Terahertz (THz) waves come between microwave and infrared radiation in the electromagnetic spectrum, oscillating at frequencies of between 100 billion and 30 trillion cycles per second. These waves are prized for their distinctive properties: they will penetrate paper, clothes, wood and walls, besides, to detect air pollution. THz sources could revolutionize safety and medical imaging systems. What’s more, their ability to hold vast quantities of data might maintain the key to faster wi-fi communications.

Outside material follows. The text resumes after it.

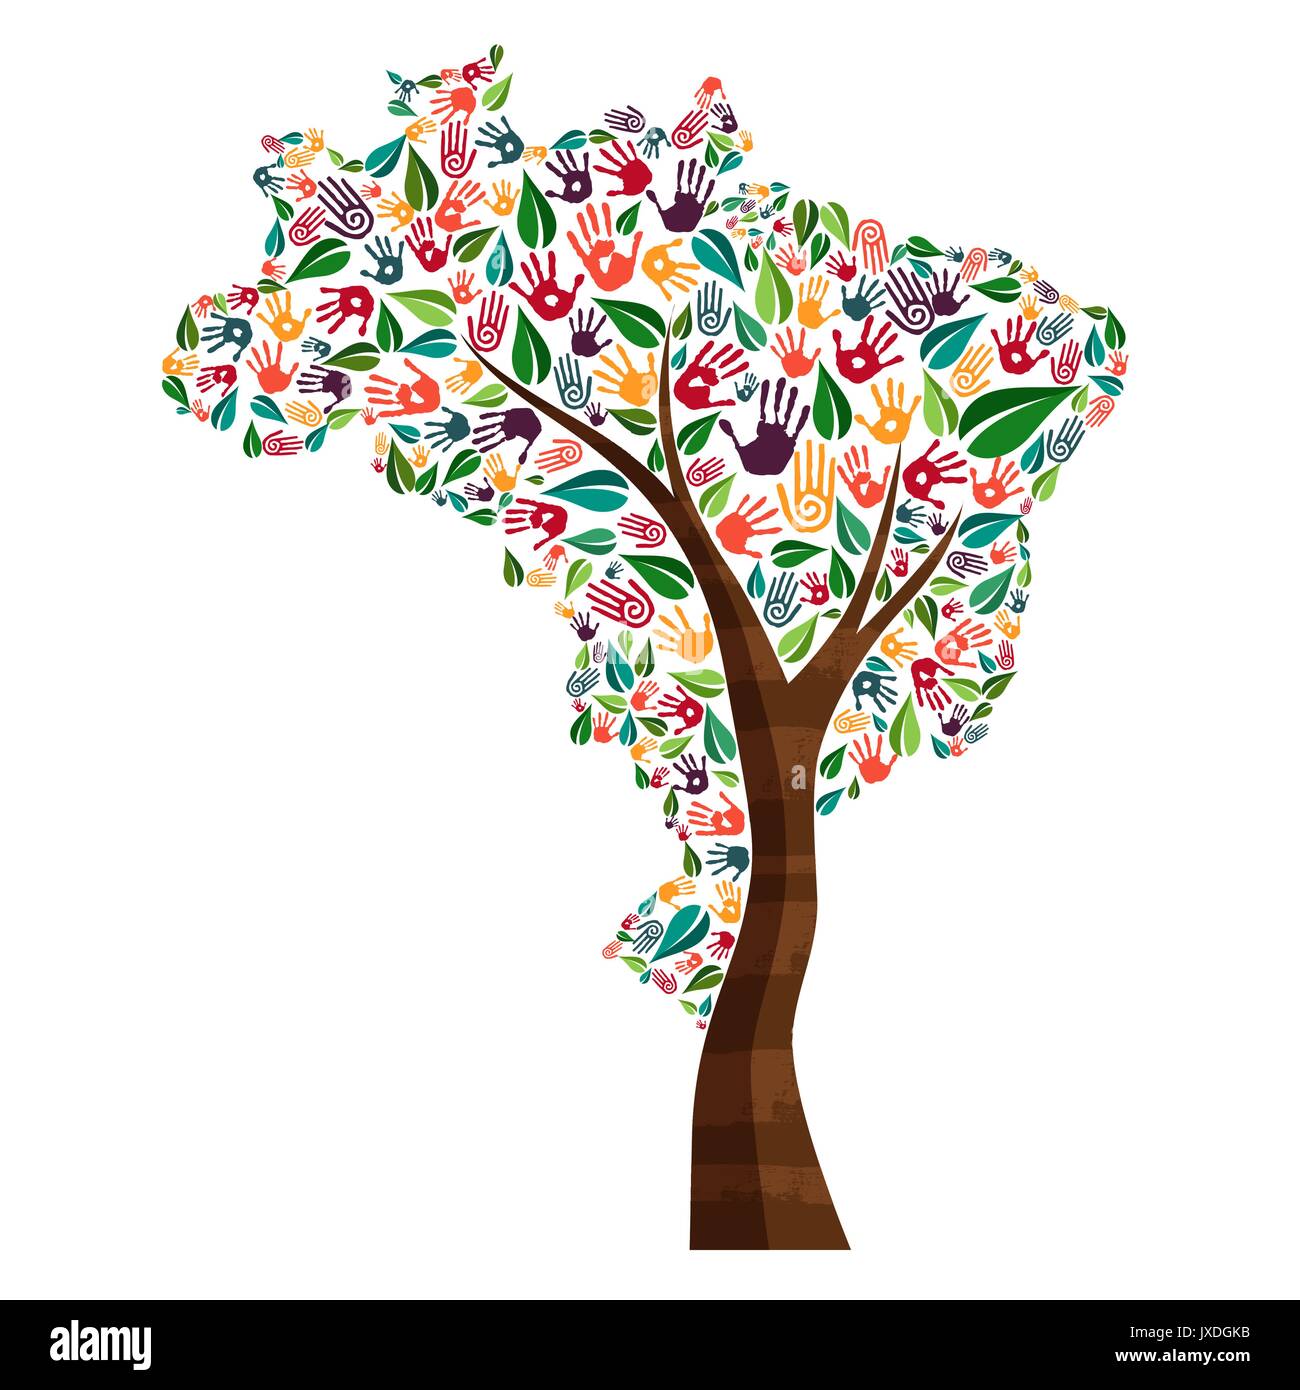 Tree with brazilian country shape and human hand prints. Brazil world help concept illustration for charity work, environment care or social project.  Stock Vector

THz waves are a kind of non-ionizing radiation, which means they pose no risk to human well-being. The expertise is already utilized in some airports to scan passengers and detect dangerous objects and substances.
Regardless of holding great commitment, THz waves are not extensively used because they’re costly and cumbersome to generate. However, a new technology created by researchers at EPFL could change all that. The team on the Power and Wide-band-hole Electronics Research Laboratory (POWERlab), led by Prof. Elison Matioli, constructed a nanodevice that can generate extremely high-energy indicators in just a few picoseconds, or one trillionth of a second, which produces high-energy THz waves.
The technology, which could be fixed on a chip or a flexible medium, could someday be installed in smartphones and other hand-held gadgets. The work first-authored by Mohammad Samizadeh Nikoo, a Ph.D. pupil at the POWERlab, has been featured in the journal Nature.